Resmaa Menakem describes this concept of clean pain and dirty pain. Clean pain is taking the road less traveled in regards to not avoiding awkward or painful discussions. It is engaging in the wound directly, inevitably increasing the sense of pain initially, so that the wound doesn’t cause long-term internal bleeding. Dirty pain is ignoring, denying, minimizing or pretending the relational rupture did not happen. It temporarily relieves you from feeling the agony or awkwardness or distance, but it prevents you from truly healing and clearing the mess away. It creates internal bleeding that leads to unsatisfying, disconnected, and fragmented relationships over time. Dirty pain is only considering, “what will make me feel better right now,” rather than thinking through what will achieve closeness long term. Dirty pain also assumes that maybe true closeness isn’t possible, that intimacy isn’t actually worth it, and that you might as well numb out or pretend anyway because true reconciliation is a pipe dream.


Once you trust certain relationships in your life, you can risk saying, “this hurt me,” without fearing that a defensive reaction will be thrown at you, or that more harm will be done, or that the relationship will dissolve.
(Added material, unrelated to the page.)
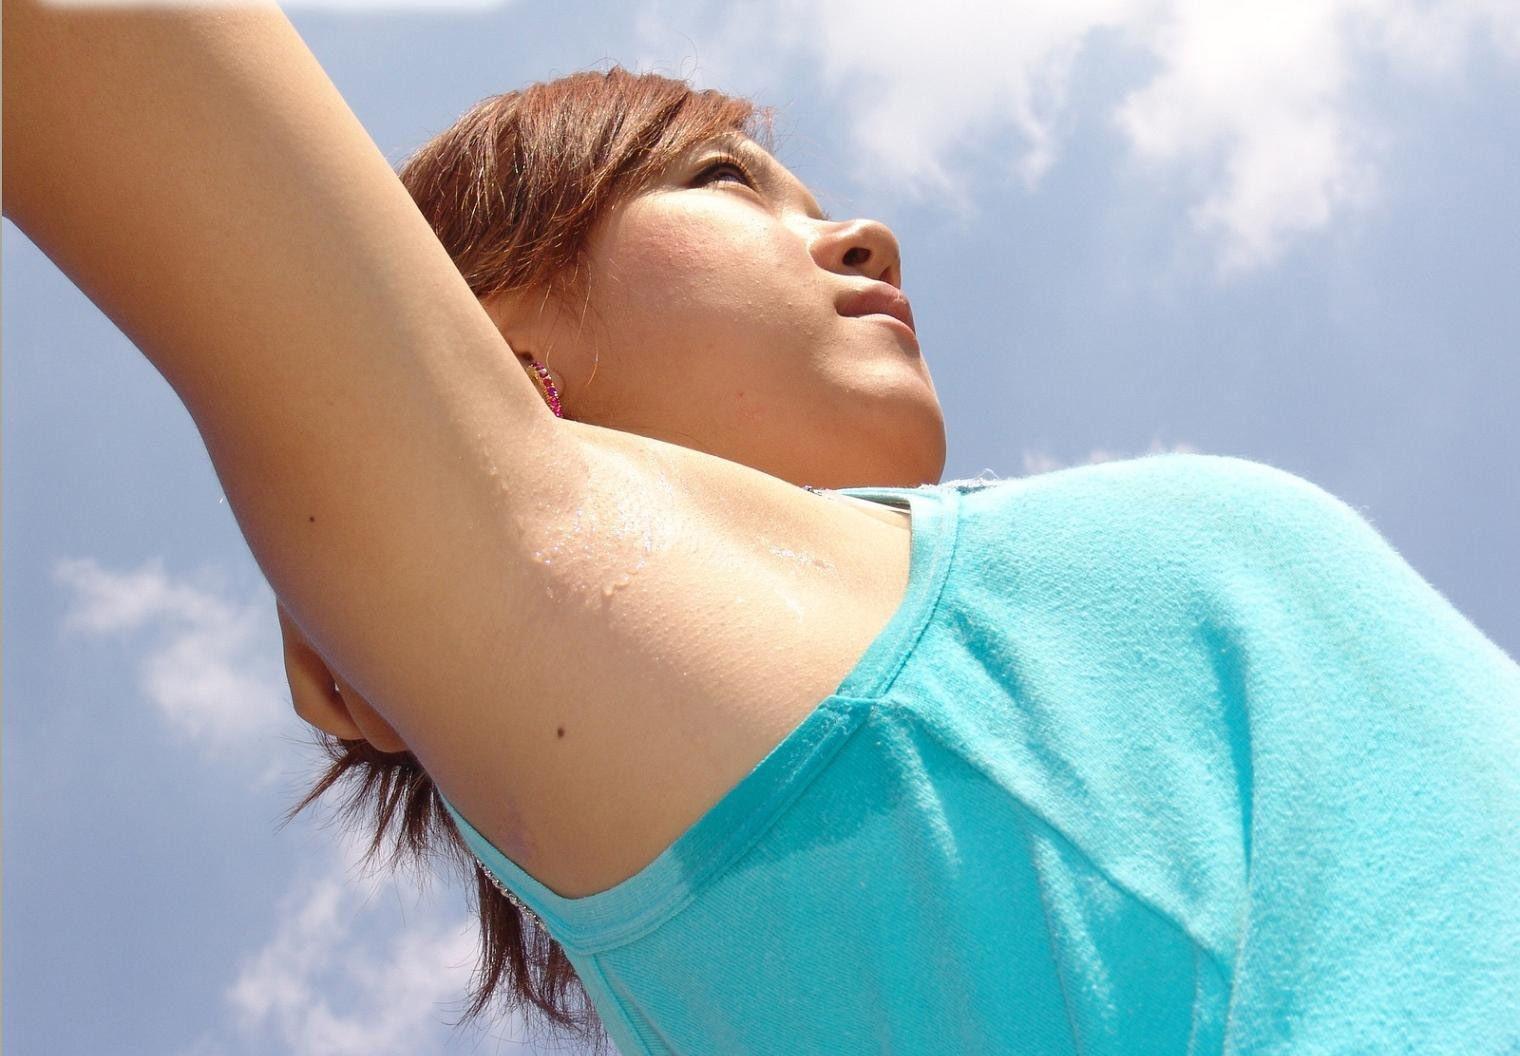 【腋フェチエロ画像】ある意味おっぱいを超える魅力が…綺麗な腋は舐り一択www 05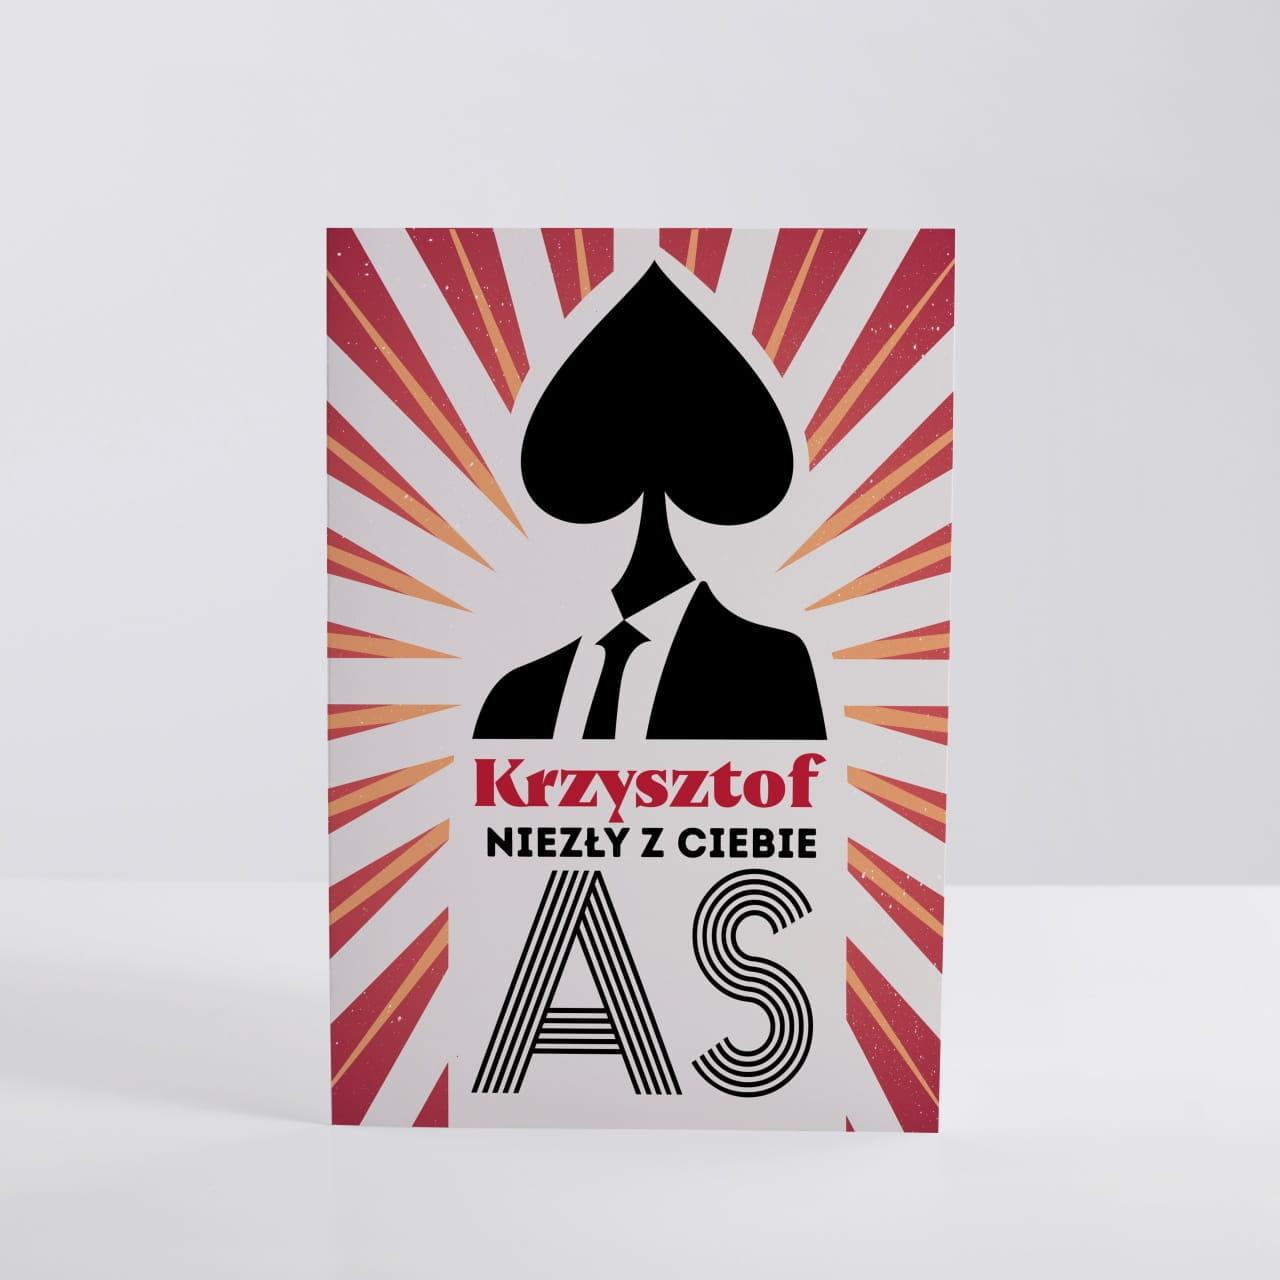 Kartka dla Krzysztofa NIEZŁY AS

The difficulty is that going from dirty to clean pain, or going from intentionally repairing relationships ruptures from previously letting them go (IE ignoring them) creates a ton of distress (initially).


Having a boundary, or saying, “I am really upset about this part of our relationship,” when you haven’t said much before, creates what feels like an even bigger rift than you were previously feeling. Sometimes, that rift gets so huge that the relationship doesn’t make it.


But to not name the rift is to live in the illusion that you’re fine when you actually aren’t.


And to live in illusions kills our spirits over time. It kills our drive, our courage, our raison d'être. It also kills our physical health. Research over the last decade has depicted that loneliness kills us as if we’re habitual smokers. It invades our bodies and tells us from the inside out that life isn’t worth living. It doesn’t mean we become suicidal necessarily (though it might), it simply means that we stop engaging our lives like they have sacred meaning.



Taking the risk of honestly naming relational upsets and disappointments, however, is still that: a risk. And yet the risk of not doing so has way higher consequences long term (less overt ones in the short term). Ideally, in our most intimate relationships, we are free (and invited) to name our grievances openly and with kindness and in a way that results in a growth in closeness. Does that happen in your closest relationships right now? If there is an area where it doesn’t, how comfortable would you feel about naming that dilemma with your loved one?


Starting this process can be as simple as saying, (during a time of relative peace), “we struggle to engage kindly about politics [sex] [finances] [your family]. I want to get better at that. Would you feel open to discussing ways we can love each other better regarding that topic?”


If they aren’t, you have an answer. If they are, you have a more hopeful one.


Here’s to the tough lesson of learning how to have vibrant, playful, fulfilling relationships. It is so difficult but so worth the intensive amount of time, effort, and energy.


Do you have any questions about how this looks in your life?